Dataset extract:

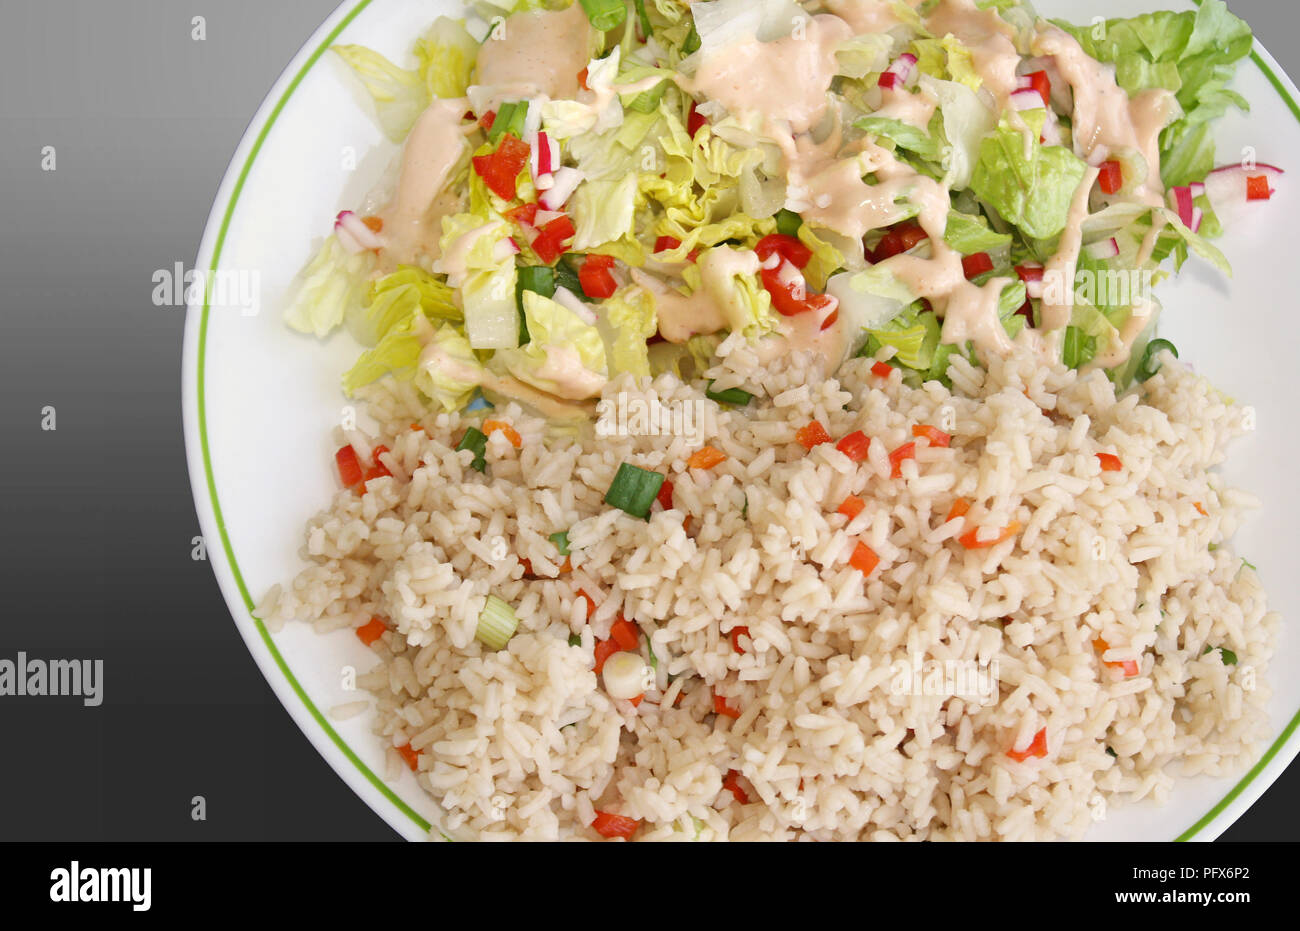 Pasto sano dei cereali integrali riso marrone con verdure e un fresco giardino insalata condito con un condimento di consistenza cremosa Foto Stock
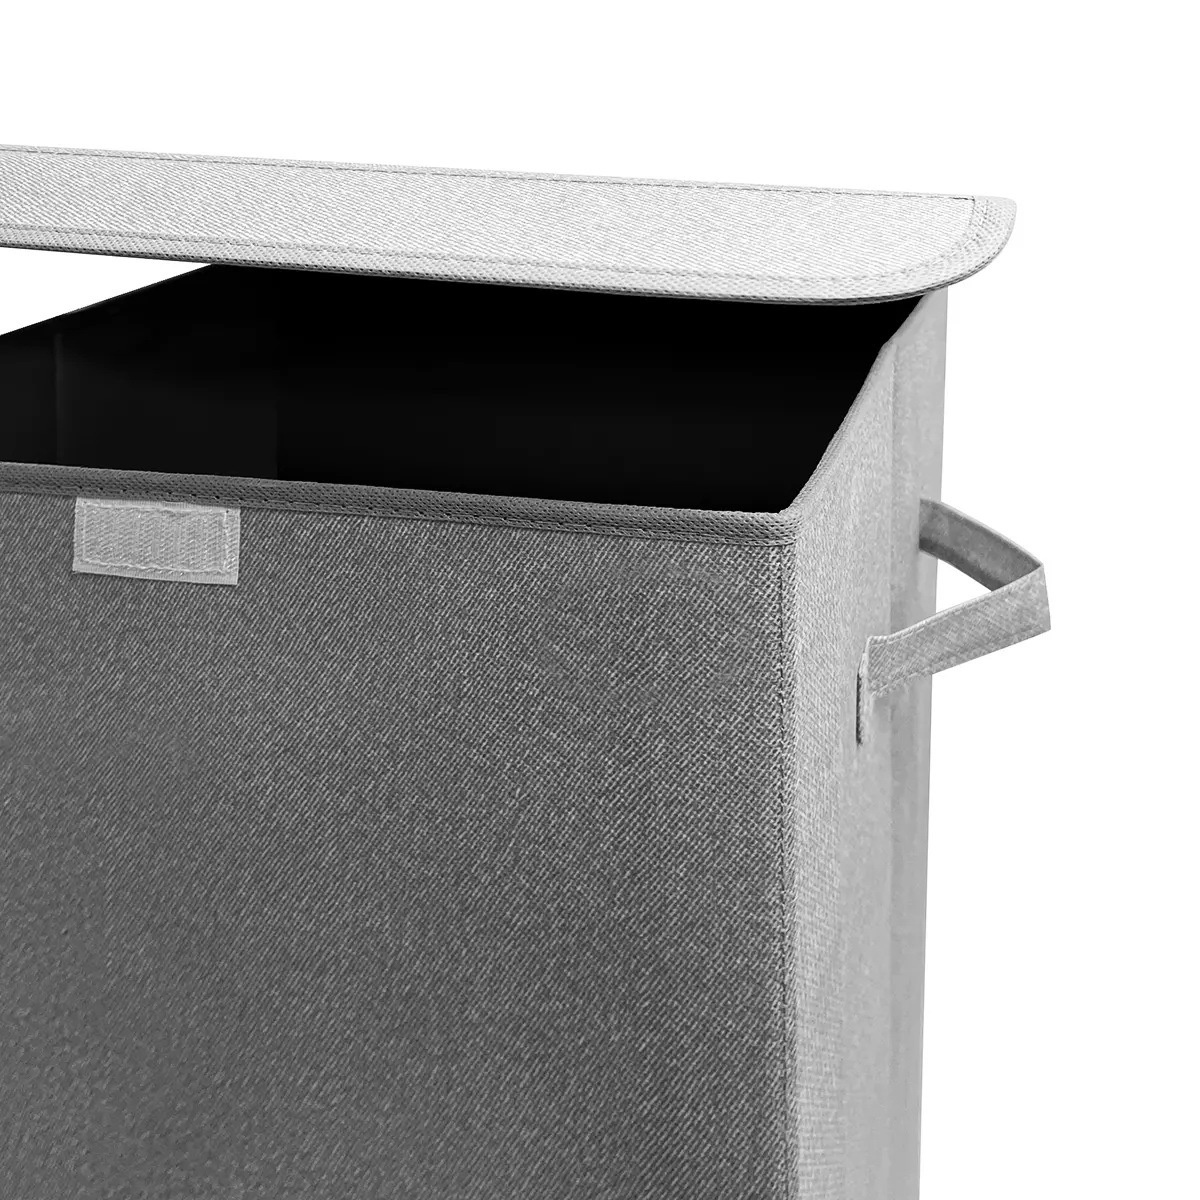 Ящик для хранения с крышкой MVM тканевый серый 580x340x340 TH-02 GRAY
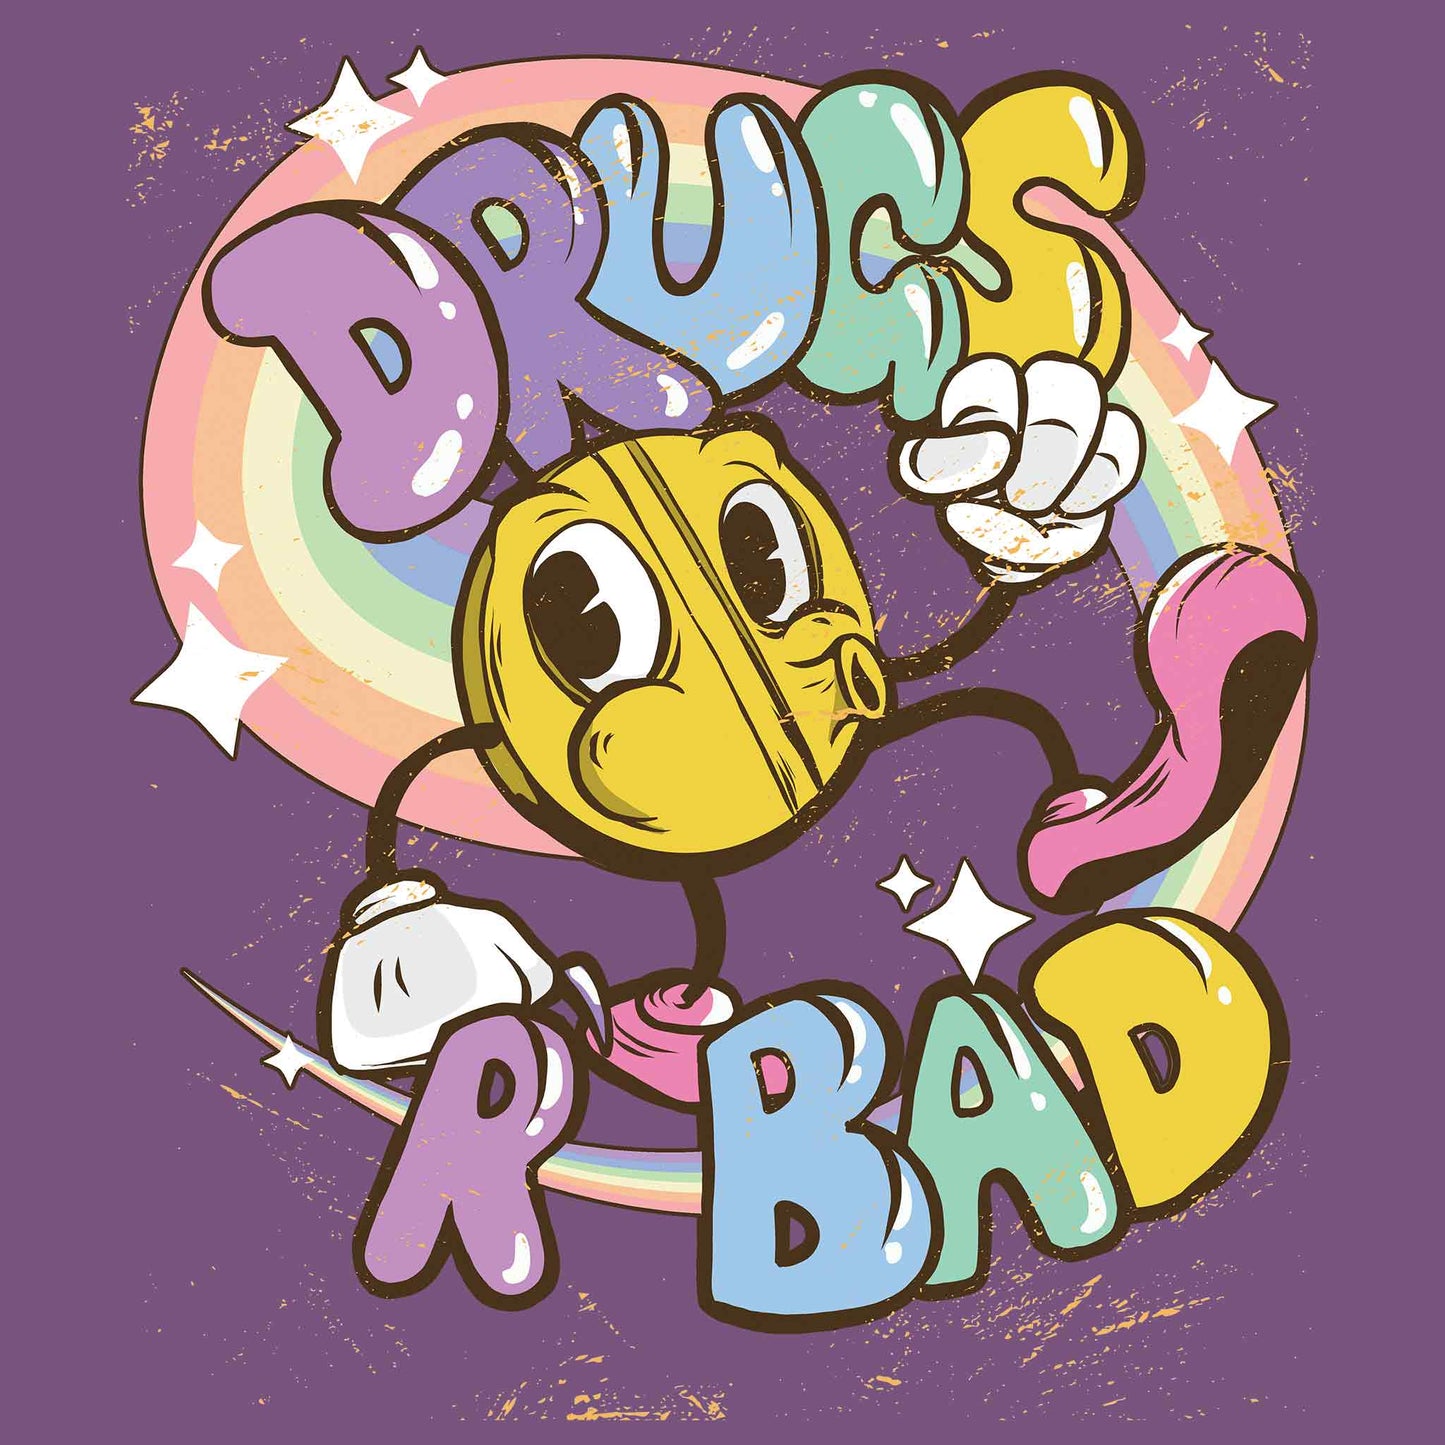 Drugs R Bad T-Shirt
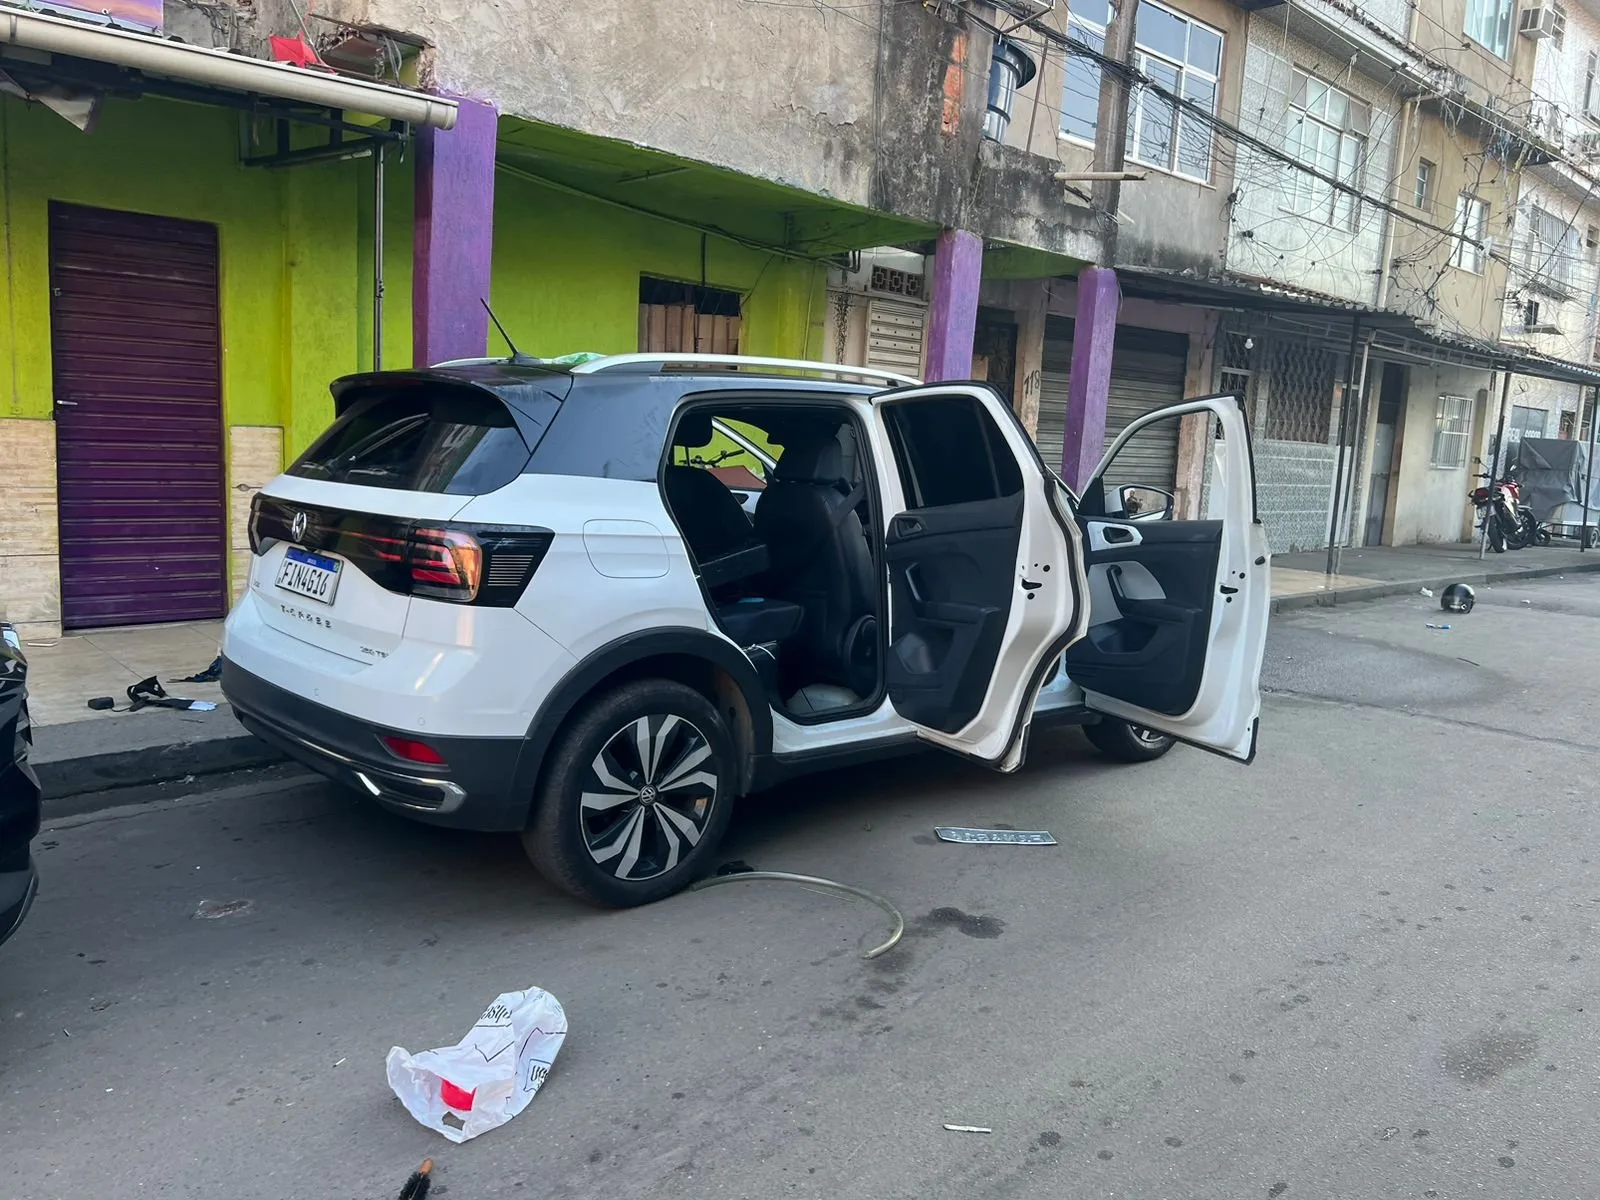 Veículos roubados foram recuperados por policiais do BOPE no interior do Complexo da Maré, na Zona Norte do cidade do Rio de Janeiro.

Try it: Retype the data above exactly, dropping every picture.

Exercise response:
 Pasto sano dei cereali integrali riso marrone con verdure e un fresco giardino insalata condito con un condimento di consistenza cremosa Foto Stock
 Ящик для хранения с крышкой MVM тканевый серый 580x340x340 TH-02 GRAY
 Drugs R Bad T-Shirt
 Veículos roubados foram recuperados por policiais do BOPE no interior do Complexo da Maré, na Zona Norte do cidade do Rio de Janeiro.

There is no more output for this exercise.